Posted: 10/25/04 at 10:27am

Check out this one from Friday's Washington Post:

'Brooklyn': Bad to the Bone

By Peter Marks
Washington Post Staff Writer
Friday, October 22, 2004; Page C04


NEW YORK -- Second-worst, fifth-worst, eighth-worst? When a musical is this awful, you pore over your personal Book of the Lame: Was "Taboo" this bad? Surely the jaw dropped further during Robert Cuccioli's famous hair-flinging aria in "Jekyll and Hyde." Then again, there was that once-in-a-lifetime musical salute to garlic in "Dance of the Vampires." But wait: What about the galling dullness of "Urban Cowboy," the chafing dryness of "Dracula," the decrepitude of "Dream"?

So many painful memories to relive and prioritize! The theater's ability to induce something akin to post-traumatic stress disorder is fully realized with a show like "Brooklyn, the Musical," which opened last night at the Plymouth Theatre. Not to be confused with the gritty borough it's named for, "Brooklyn, the Musical" is a plastic bit of amateurishness. The feelings it expresses are about as authentic as a holiday dreamed up by a greeting card company.

The show is presented without a break, a shrewd move on the producers' part. It's far more difficult to leave at intermission if there isn't one.

"Brooklyn, the Musical" is introduced to us by the characters as an urban "fairy tale," a tactic that prepares an audience for the possibility that what it is about to see will not make any sense at all.

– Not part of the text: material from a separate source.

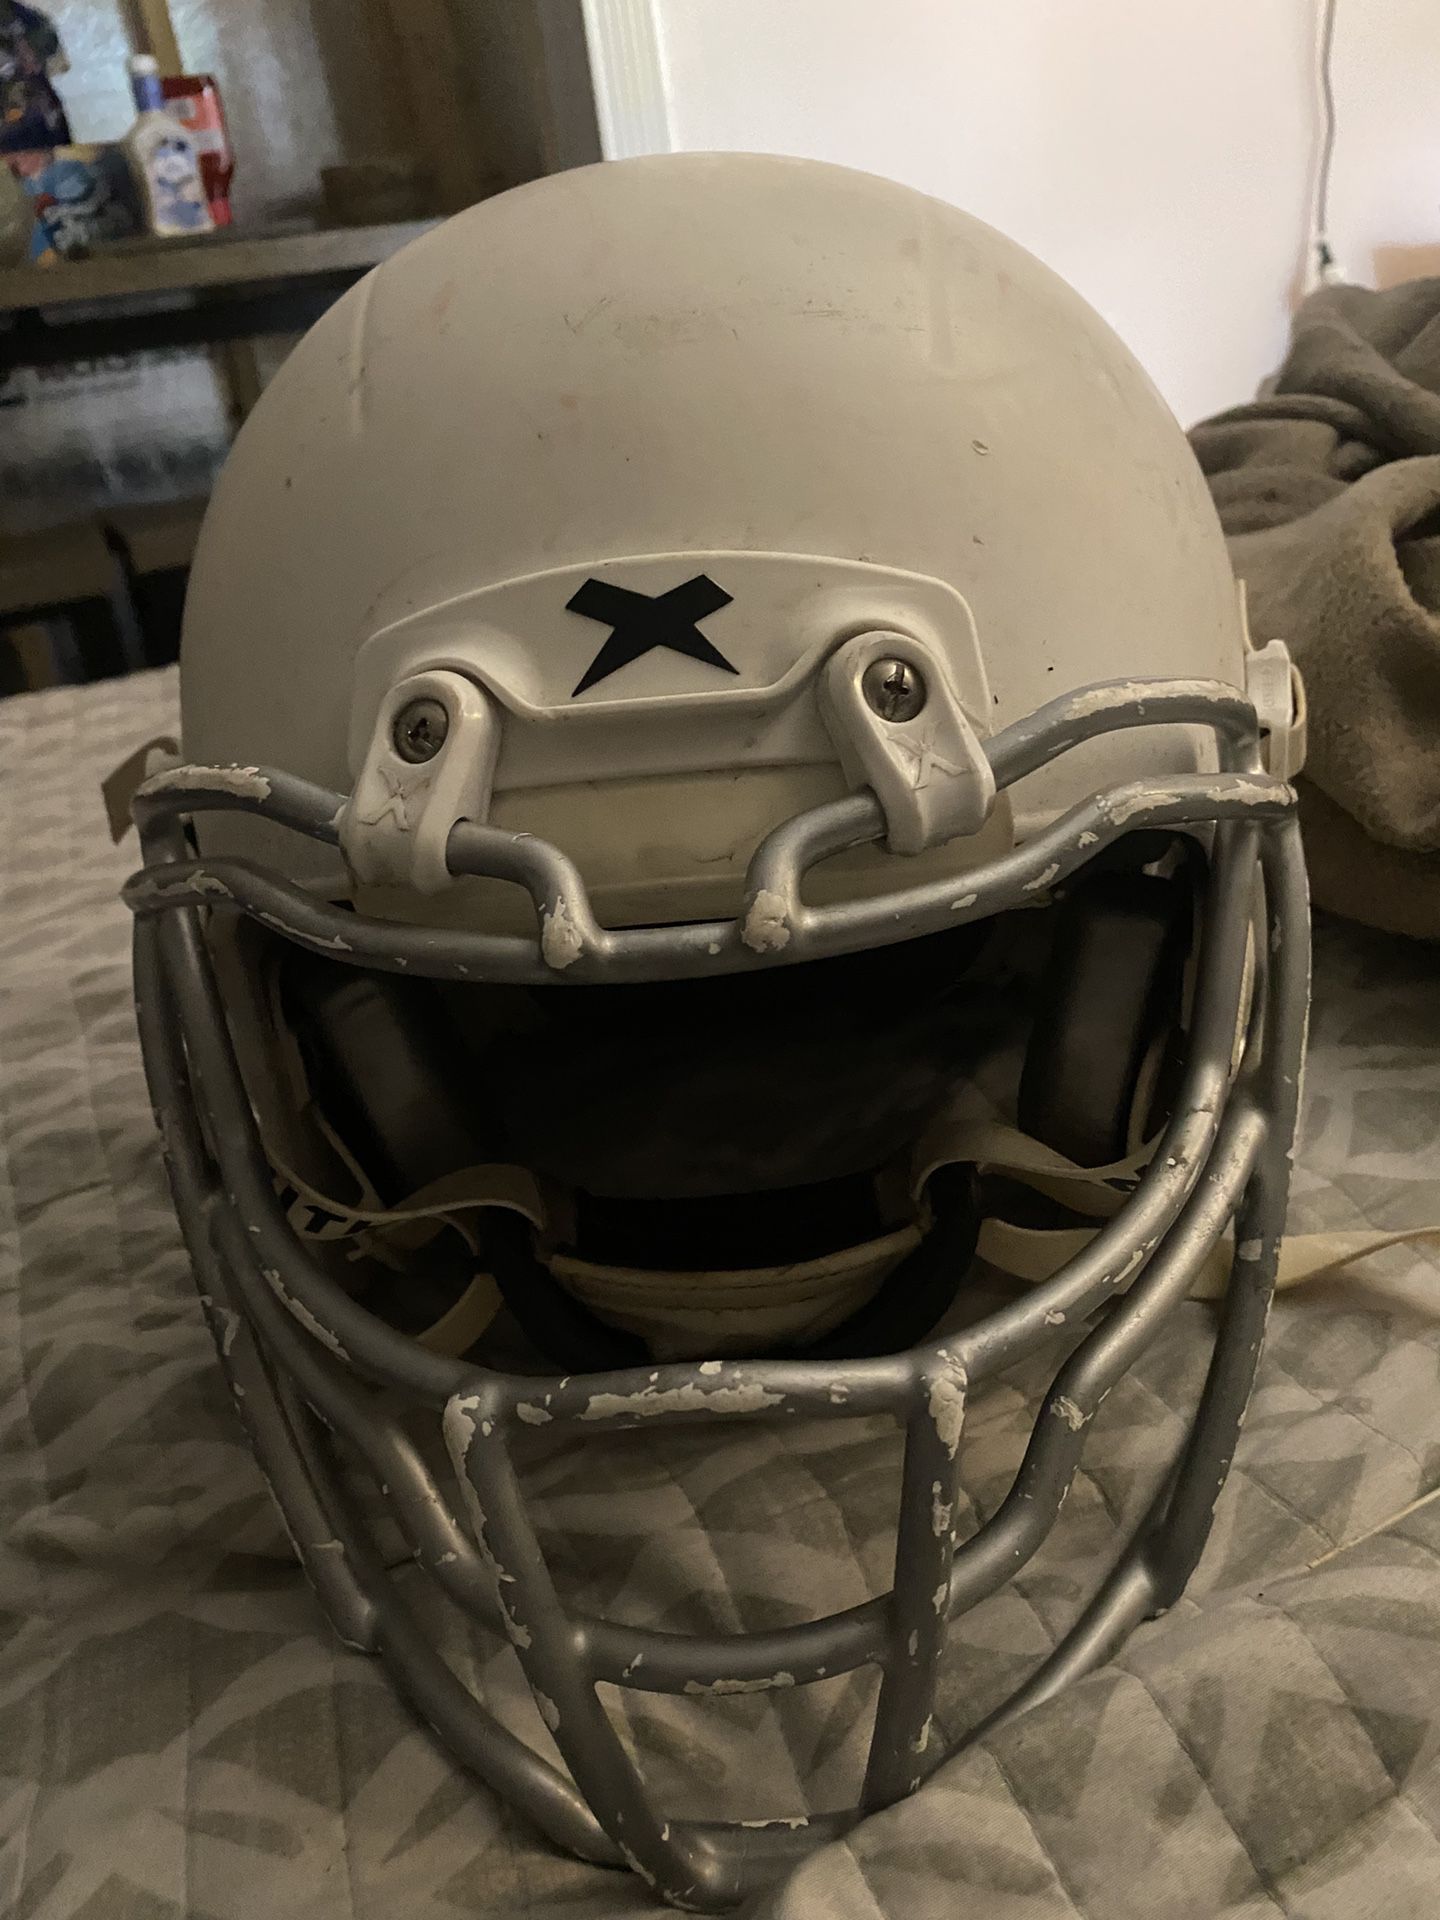 Football Helmet 
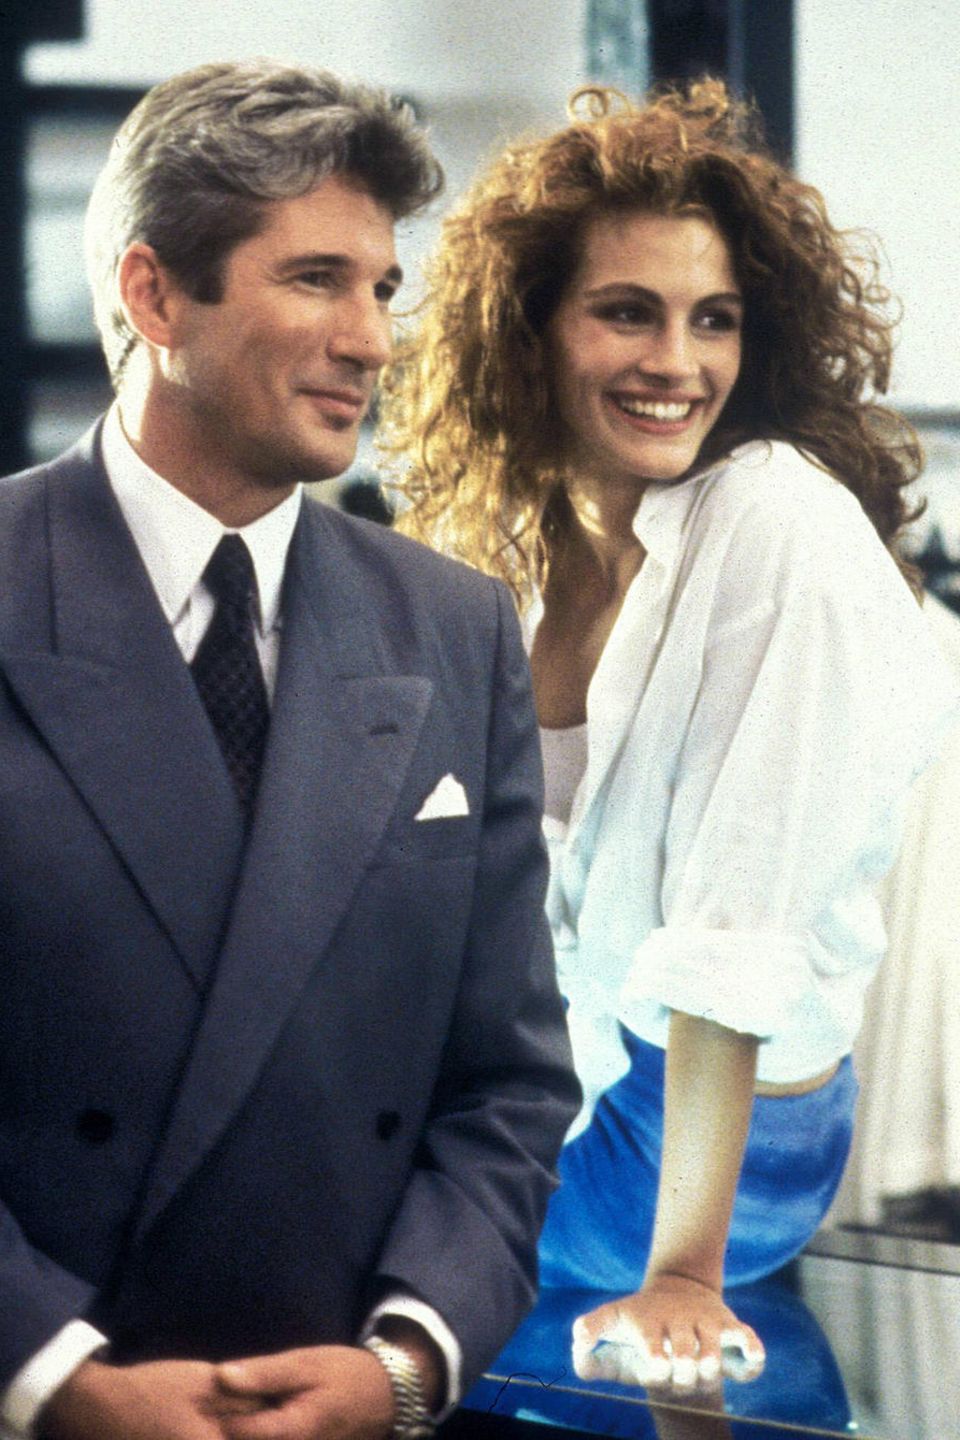 Richard Gere und Julia Roberts am Set von "Pretty Woman".

On this score, "Brooklyn, the Musical" outdoes itself. The show's five characters -- each identified in the program as a type of "City Weed" (I'm as intrigued as you are) -- share the arduous chore of singing their way through the late-'60s rags-to-riches story of a young, female street singer by the name of, yup, Brooklyn (Eden Espinosa).

She grows up to vie in some kind of "American Idol"-inspired showdown at Madison Square Garden with the world's most fabulously gifted and talented R&B star, who calls herself Paradice. As played by Ramona Keller, she is this production's one and only bit of good news. The story behind Paradice's name, by the way, is as dumb as the name itself. But her mano a mano battle with Brooklyn -- who has promised to donate the winning purse to "feed and shelter America's homeless" -- is depicted as the most exciting event to rock the solar system since Neil Armstrong went lunar.

"Brooklyn, the Musical" borrows frantically from shows past. "Godspell," "Rent," "Cats," "The Me Nobody Knows": All are conjured in one way or another. Still, the recycled platitudes here exceed any previously recorded level of cliche. "Float across the rainbow sky to once upon a time," goes one particularly shattering lyric, attributed to the show's book and songwriters, Mark Schoenfeld and Barri McPherson. The dialogue is such that at times you feel as if you're sitting behind home plate, under constant threat of being pummeled by foul balls. "Sometimes with our tears," begins a deep thought uttered by a character named Faith, "we can water roses."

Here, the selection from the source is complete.